Carmela gli era stata appiccicata addosso tutto il tempo, del resto era stato lui a invitarla, del resto erano amici di letto. Insomma, gli era stata molto più vicino di così ormai diverse volte, avrebbe dovuto essere abituato a quel corpo che sfregava col suo.
Quel giorno, tutta quella vicinanza appiccicosa gli faceva venire la nausea.
Si avvicinò di soppiatto al tavolo degli alcolici. Aveva ordinato per la festa qualche bottiglia di vino, altre di birra, e parecchi litri di sangria artigianale.
Era un anno che non beveva un sorso di roba buona, ritenne di esserselo meritato. Bere lo avrebbe aiutato a non pensare, come la musica e le chiacchiere inutili degli invitati.
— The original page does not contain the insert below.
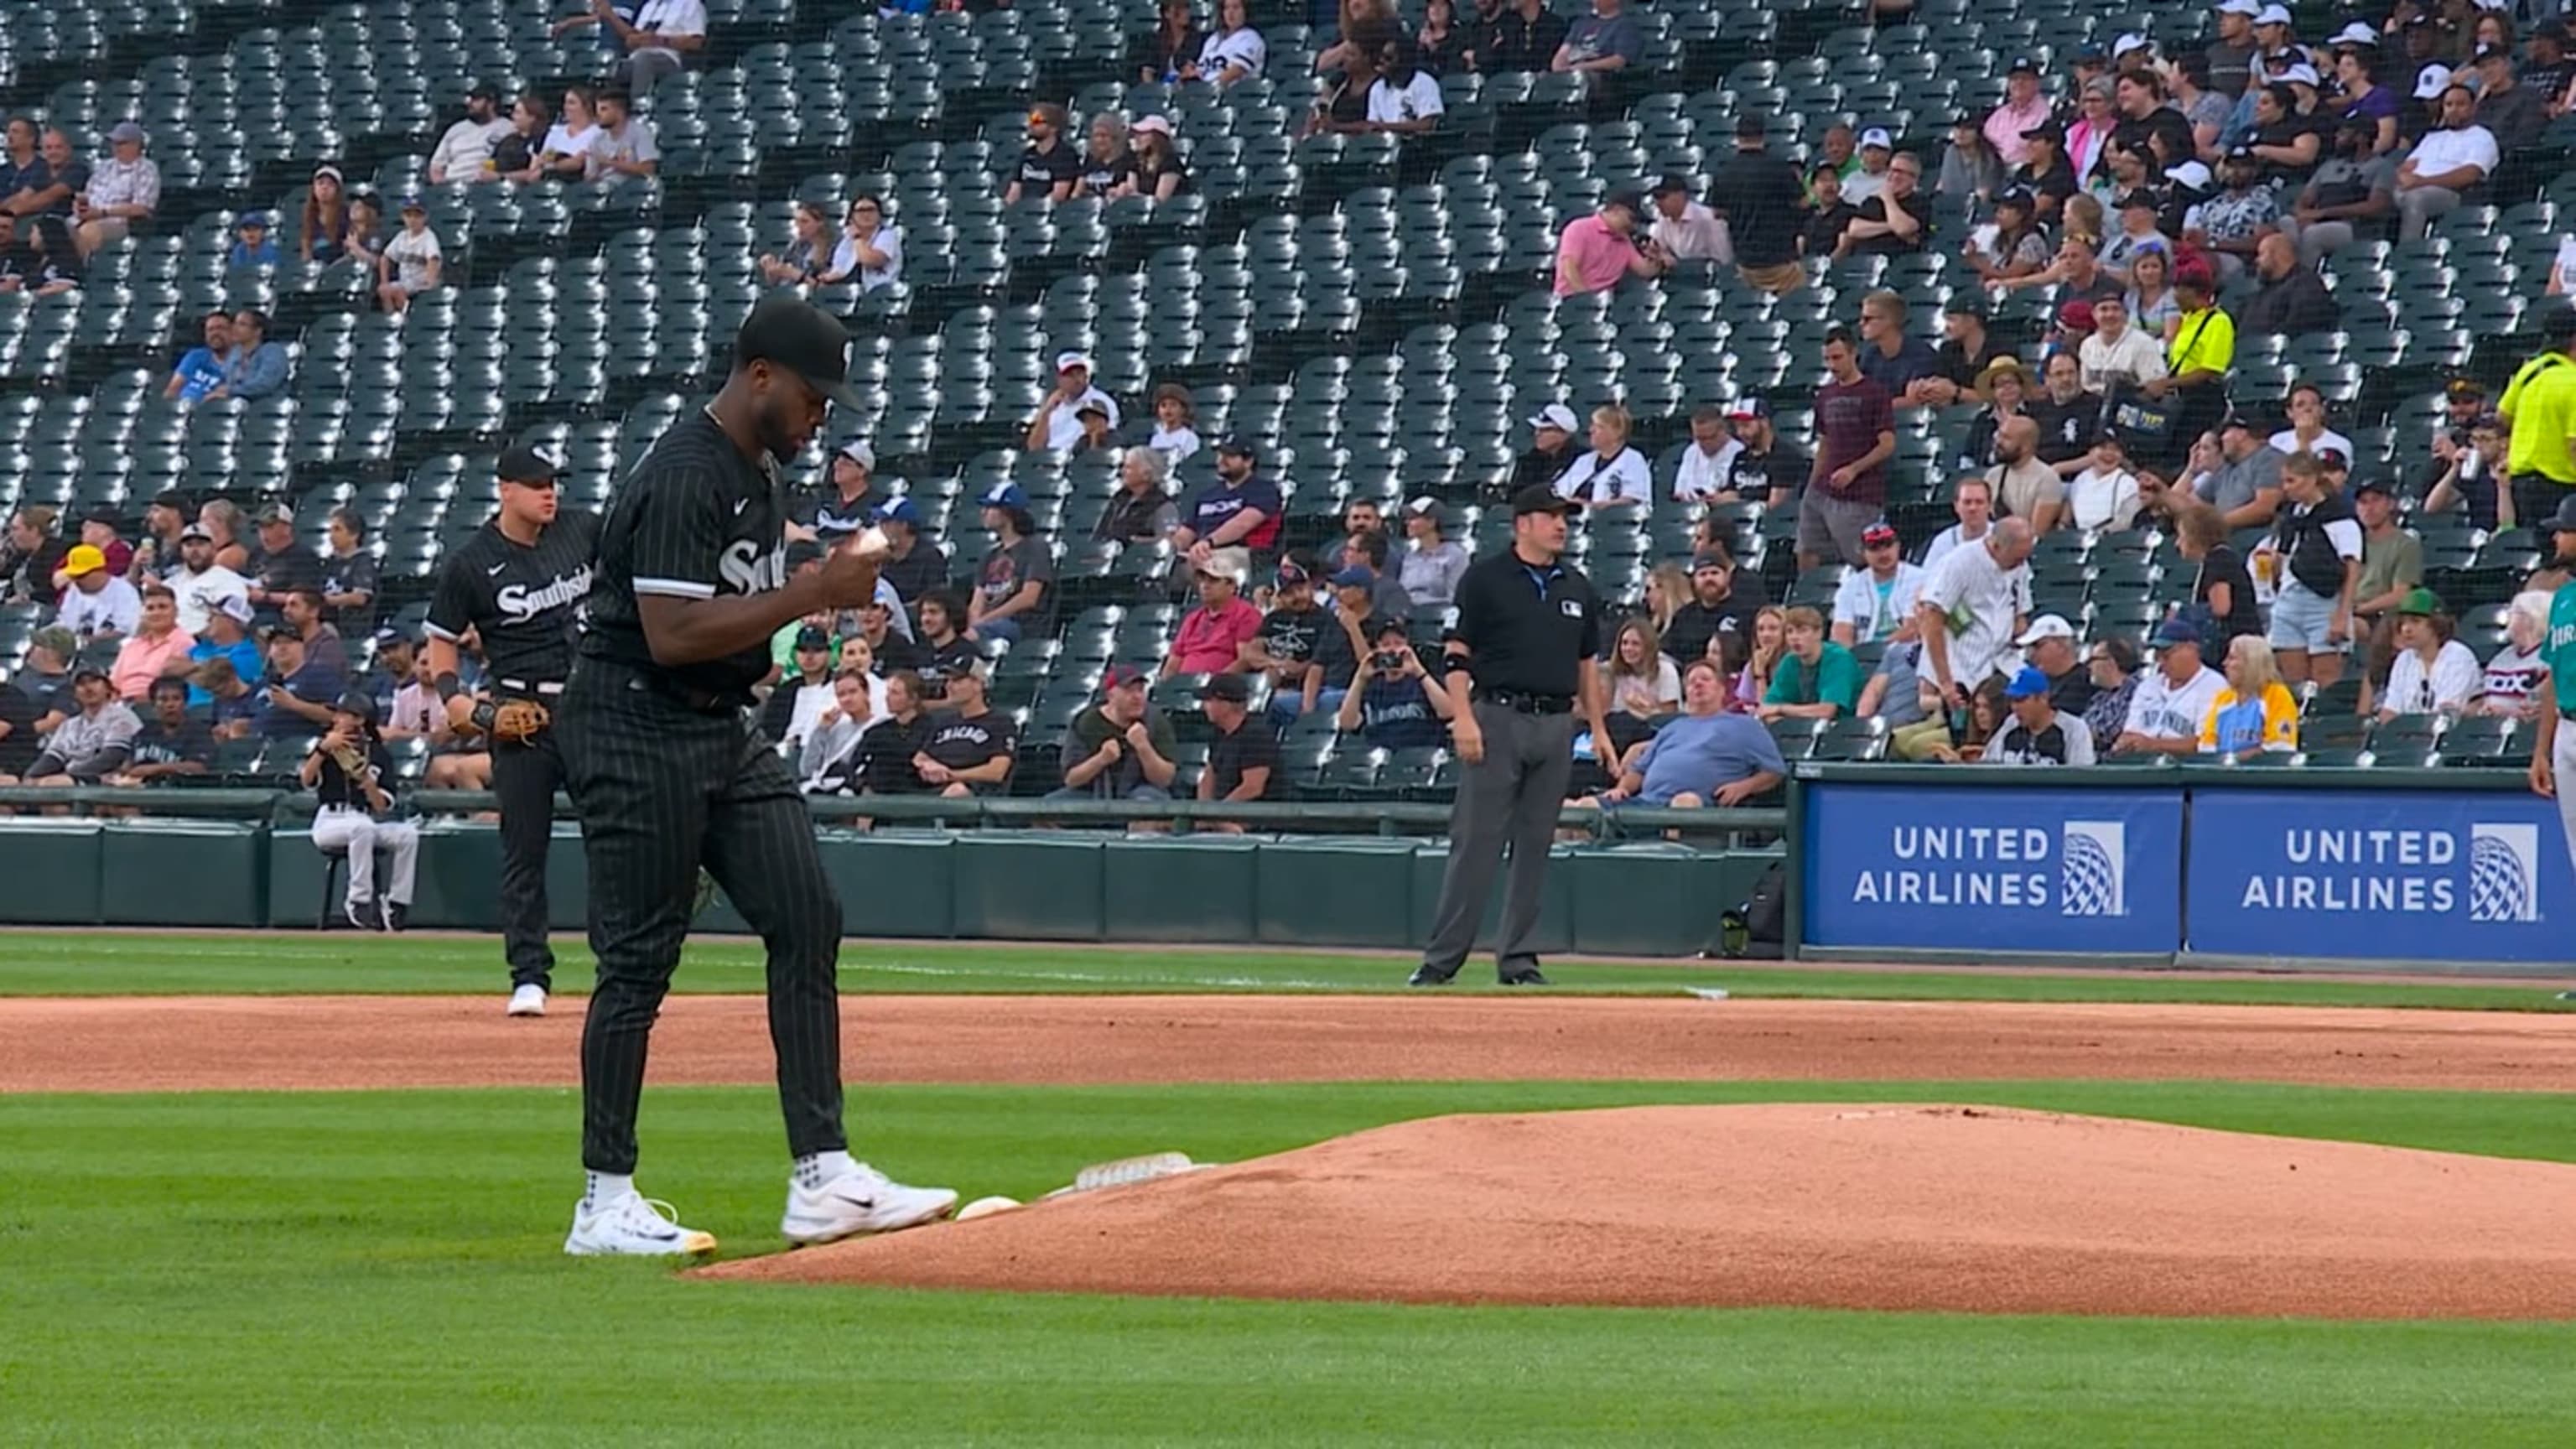 Mariners hope to slow White Sox's Elvis Andrus – NBC Sports Chicago

Afferrò un bicchiere, poi la bottiglia di rosso. Si diede una veloce occhiata intorno, nessuno lo stava osservando.
Ottimo.
Prese la bottiglia nella mano tremante, e la inclinò pronto a versarla nel bicchiere trafugato per l’occasione. Era stato facile, dopotutto. Forse–
«Che cazzo fai?»
La voce improvvisa gli fece rovesciare qualche goccia sulla tovaglia. «Oh! Che cazzo fai tu! Mi hai fatto prendere un colpo.»
«Per chi è quel bicchiere?»
«Per Carmela.»
«Può confermarlo?»
«Senti, ti prego, lasciami in pace.»
Suo fratello, Damiano, gli strappò la bottiglia dalle mani. «Lo dico a mamma.»
«Non ci provare.»
«Sei per caso diventato del tutto idiota?»
Simone sbuffò. Perché doveva per forza avercela con lui? Non poteva torturare qualcun altro? «Lasciami in pace, cazzo!»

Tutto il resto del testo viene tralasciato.